Baud R, Lovis C, Rassinoux A M, Michel P A, Scherrer J R
Division d'Informatique Médicale, University Hospital of Geneva, Switzerland.
Stud Health Technol Inform. 1998;52 Pt 1:581-5.
Automatic extraction of knowledge from large corpus of texts is an essential step toward linguistic knowledge acquisition in the medical domain. The current situation shows a lack of computer-readable large medical lexicons, with a partial exception for the English language. Moreover, multilingual lexicons with versatility for multiple languages applications are far from reach as long as only manual extraction is considered. Computer-assisted linguistic knowledge acquisition is a must. A multilingual lexicon differs from a monolingual one by the necessity to bridge the words in different languages. A kind of interlingua has to be built under the form of concepts to which the specific entries are attached.
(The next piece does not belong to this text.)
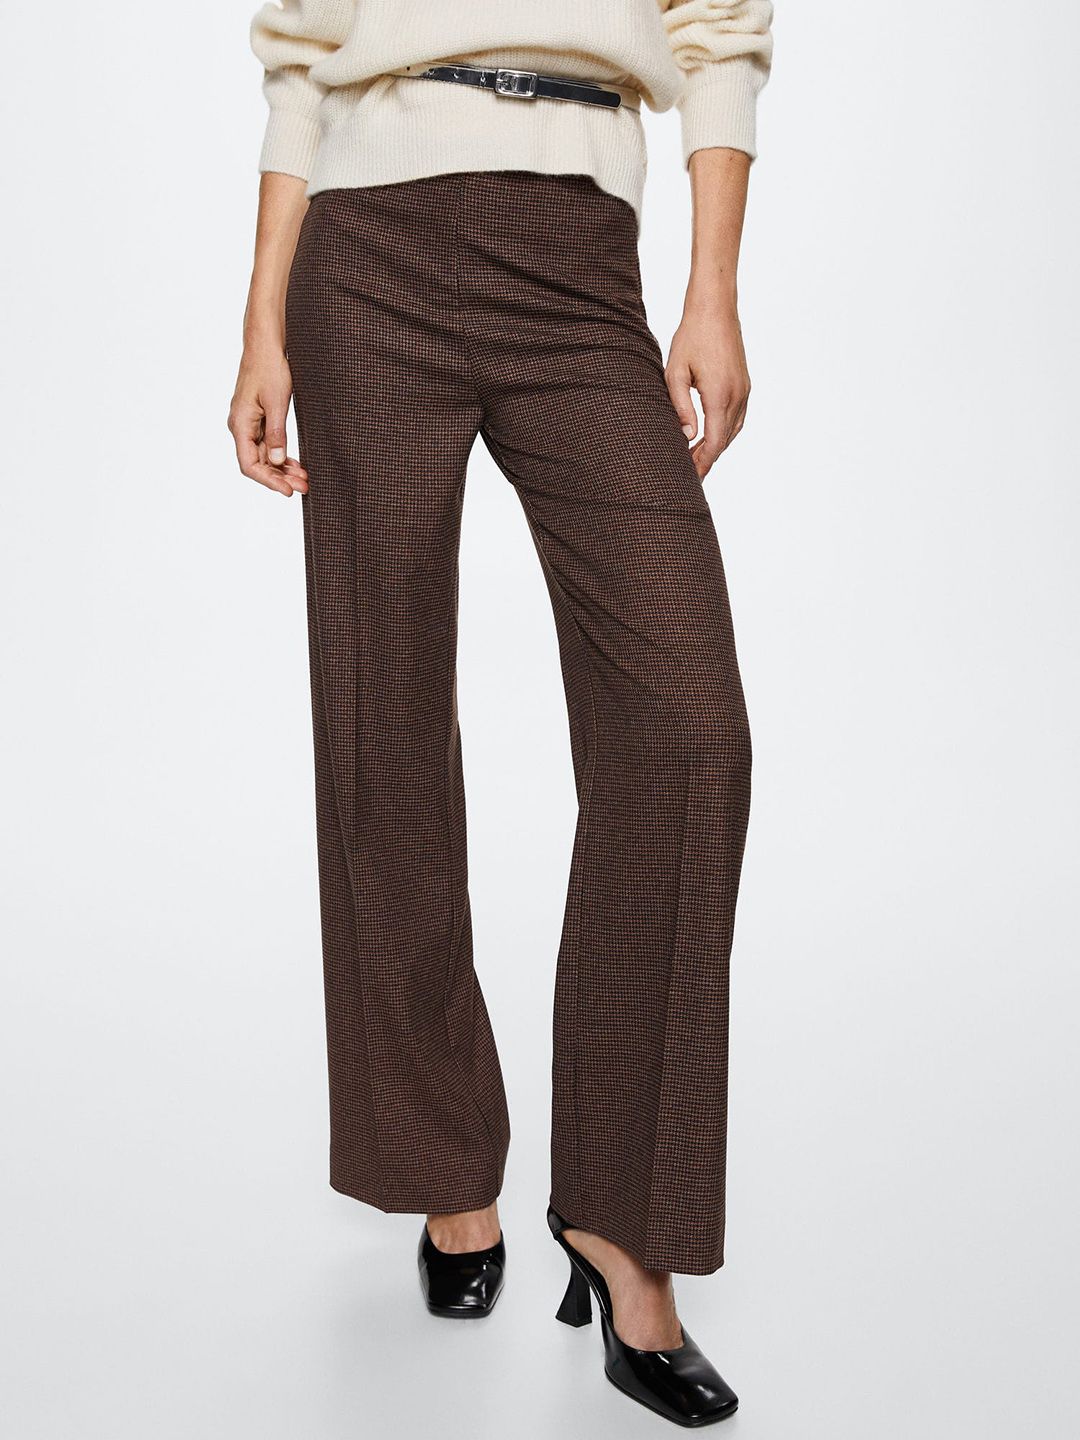 MANGO Women Brown Houndstooth Patterned High-Rise Parallel Trousers Price in India

In the present approach, the authors have developed an intelligent rule-based tool in order to focus on a multilingual source of medical knowledge, like the International Classification of Disease (ICD) which contains a vocabulary of some 20,000 words, translated in numerous languages.
从大量文本语料库中自动提取知识是医学领域语言知识获取的关键一步。当前的情况表明,缺乏计算机可读的大型医学词典,英语在一定程度上除外。此外,只要仅考虑人工提取,具有多种语言应用通用性的多语言词典就远不可及。计算机辅助语言知识获取势在必行。多语言词典与单语言词典的不同之处在于需要在不同语言的词汇之间架起桥梁。必须以概念的形式构建一种中间语言,并附上具体的词条。在当前的方法中,作者开发了一种基于智能规则的工具,以便专注于多语言医学知识源,如国际疾病分类(ICD),它包含约20,000个单词的词汇表,并被翻译成多种语言。